Okja (Web Exclusive)
Reviewed by Rahul Hamid
Produced by Sed Sarandos, Lewis Taekwan Kim, Dooho Choi,,Wook Sik Seo, and Bong Joon Ho; directed by Bong Joon Ho; written by Bong Joon Ho and Jon Ronson; cinematography by Darius Khondji; edited by Meeyeon Han, Yang Jinmo; music by Jemmas Burns and Jaeil Jung; production design by Ha-jun Lee and Kevin Thompson; casting by Jenny Jue; starring Tilda Swinton, Paul Dano, An Seo Hyun, Byun Heebong, Steven Yeun, Lily Collins, Yoon Je Moon, Shirley Henderson, Daniel Henshall, Devon Bostick, Woo Shik Choi, Giancarlo Esposito, and Jake Gyllenhaal. Color, with English dialogue and Korean dialogue with English subtitles, 118 min. A Netflix Original Film.
Bong Joon Ho’s Okja is a movie that crosses many boundaries. It is one of the first films by a major director to be released by a streaming service. Bong turned to Netflix to produce his latest film after becoming disenchanted with the traditional distribution companies’ handling of his last film, Snowpiercer. The Netflix logo was booed at Okja’s premiere at Cannes by diehards who believed that films screened at the festival should only be theatrical releases. In the end, the controversy probably inspired more screenings in cinemas than it otherwise would have had. Like Snowpiercer, the film is a hybrid between Western and Korean cinema, using English and Korean, with a range of international actors. Okja also mixes genres, tones, and styles freely in telling its tale that is at once a child’s fantasy and serious indictment of industrially produced food.
Fourteen-year-old Mija (An Seo Hyun) with the giant super pig “Okja” that she has grown up with over the last ten years.
The film’s emotional through line is simple, though the plot is convoluted. It revolves around the love between Mija (An Seo Hyun), a farm girl living in rural South Korea, and her friend/pet Okja—a super pig sent by the Mirando (read Monsanto) Corporation to be raised on her grandfather’s farm. During the opening credits, which Bong choreographs like an Apple product launch with CEO Lucy Mirando, played by the ever-present Tilda Swinton, describing the super-pig project with superlatives and corporate buzzwords. She explains that piglets, bred by the company to be super-sized, to eat economically, and produce a minimum of waste, have been sent all over the world to be raised by farmers using traditional methods. After ten years, the best pig will be chosen and Mirando will launch its new line of environmentally friendly pork.
Cut to ten years later, Mija and Okja play in a prelapsarian forest in the Korean mountains.

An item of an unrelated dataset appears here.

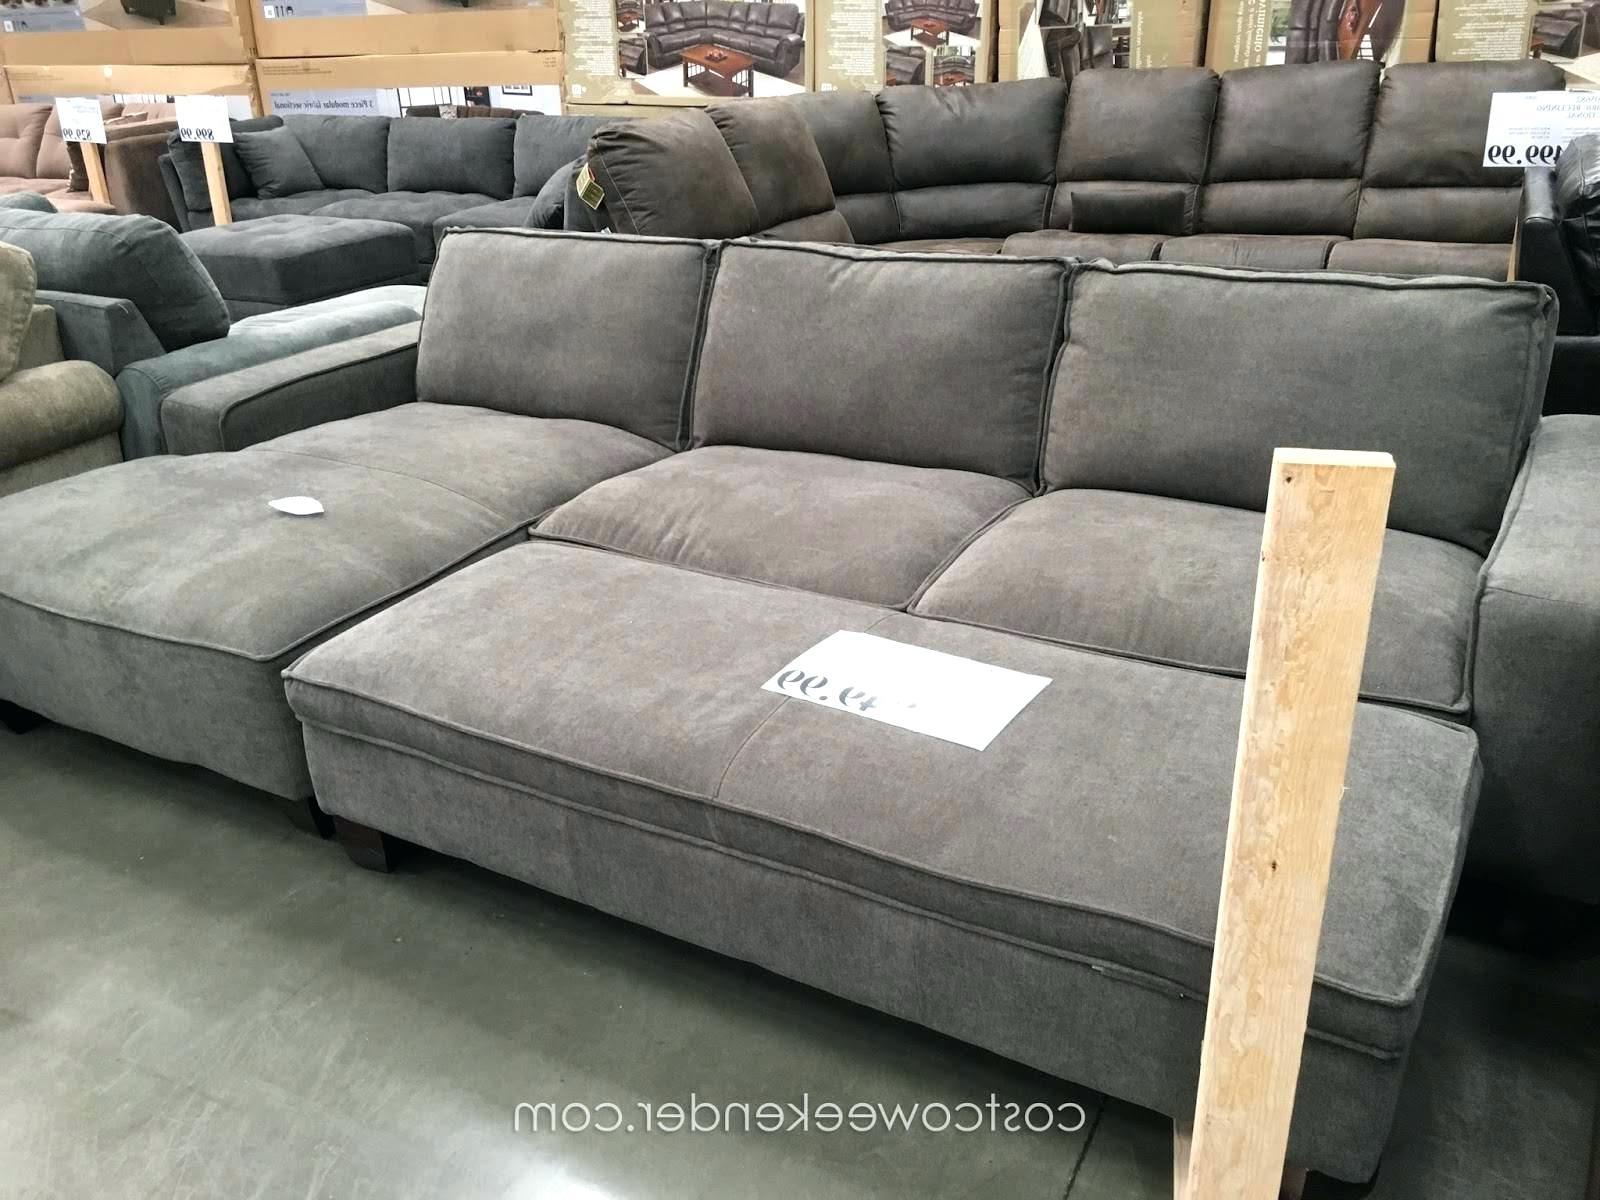 Latest Berkline Sofa Recliner Costco And Loveseat – Jasonatavastrealty In Berkline Sofas (View 10 of 20)

Okja looks like a hippopotamus with floppy ears, a slightly more porcine nose, and expressive human-looking eyes. Okja proves not only to be intelligent, but also self-sacrificing and truly affectionate toward Mija. Their idyll is soon interrupted when Dr. Johnny, a bizarre, alcoholic, TV zoologist (Jake Gyllenhaal) comes to Mija’s farm to judge Okja in the super pig contest. He decides Okja is the most beautiful. The Mirando Corporation takes Okja away to be crowned best pig in New York, and the heartbroken Mija decides to leave home and rescue her. She goes to Seoul where she is able to break into the Mirando offices and then attempts to rescue Okja in a death-defying chase scene through the streets of the city.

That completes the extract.